Despite such caveats, the new metrics have their place, Parker says.
"It seems that these studies are seldom used to make a decision about selecting one vendor versus another. Instead, they are more about when a company should make a particular technology investment," Parker says. "Users' eyes are wide open about this."
Serono, a Swiss biotech firm, knew what it was getting when it contracted a little more than six months ago with business software and infrastructure provider Manugistics to perform a so-called Manugistics Value Assessment. The resulting study helped Serono's global supply chain project director Peter Laurence make a business case to his man- agers for purchasing new Manugistics collaboration and forecasting software.
"When I did this study with them [Manugistics], I made absolutely clear that it was neutral and they shouldn't talk about their products, but about the business processes. We took every reference to their products out of our documentation when we [in the supply chain IT group] made our presentation to our [business-side executive] sponsors," Laurence says. "Clearly, though, some of it [the Manugistics report] was Manugistics-centric."
Electricity company Ontario Power Generation (OPG) also knew what it was getting when it hired Microsoft last September to provide an REJ study on its planned Windows upgrade.
The Business Value Group at Microsoft has been performing REJ analyses for customers for the past two-and-a-half years, even though Microsoft only recently began marketing actively its REJ service.
In undertaking an REJ analysis, Microsoft first assigns one or more of its consulting partners to the case. The partners conduct interviews with top executives and decision-makers. Questions focus on where the company is today, technology-wise, and where they want it to be in 18 to 36 months. The partners apply standard metrics—net present value, internal rate of return, economic value add, and the like—to calculate returns.
OPG "went in with very low expectations," says Syed Mir, vice president of electricity production and corporate systems. "We thought it [REJ] would be a Microsoft sales pitch."

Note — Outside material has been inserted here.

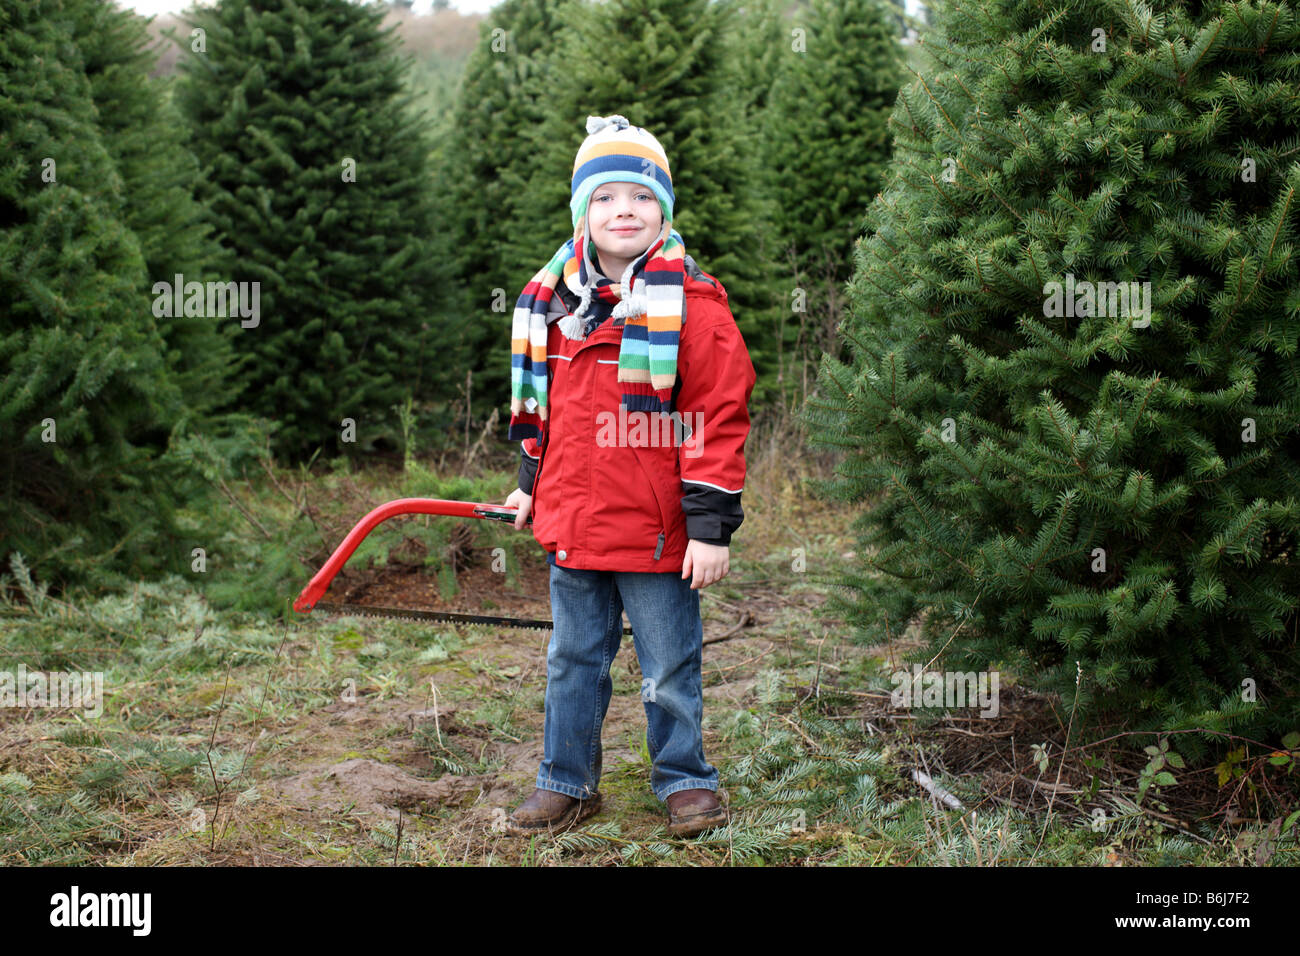 Jeune garçon avec vu sur Christmas Tree Farm Banque D'Images

At first, it looked as if Mir's fears were justified. Microsoft's initial REJ results were too high because it overestimated the intangible savings OPG could expect from factors such as ease-of-use and laptop connectivity improvements, Mir says. But Microsoft made a second pass at the study, at OPG's request. The conditions: If Microsoft could make a case for upgrading to Windows XP operating system on the client computers and Windows 2000 on the server, relying purely on hard-dollar savings, the utility would go with Microsoft's upgrade proposal.
Microsoft's REJ analysis showed that by using a combination of XP and Windows 2000, OPG could squeeze its 55 mail servers down to 15 and reduce its number of domain servers from six to one. Also, by leapfrogging Windows 2000 on the desktop and upgrading immediately to XP, OPG could realize substantial savings, according to the REJ analysis. Microsoft found that OPG could achieve 20% ROI after three years by upgrading once instead of twice on the desktop side, Mir says.
"It would have taken us six months to a year longer to buy in on our upgrade plan without REJ," Mir says. For us, "it was a fast-track mechanism."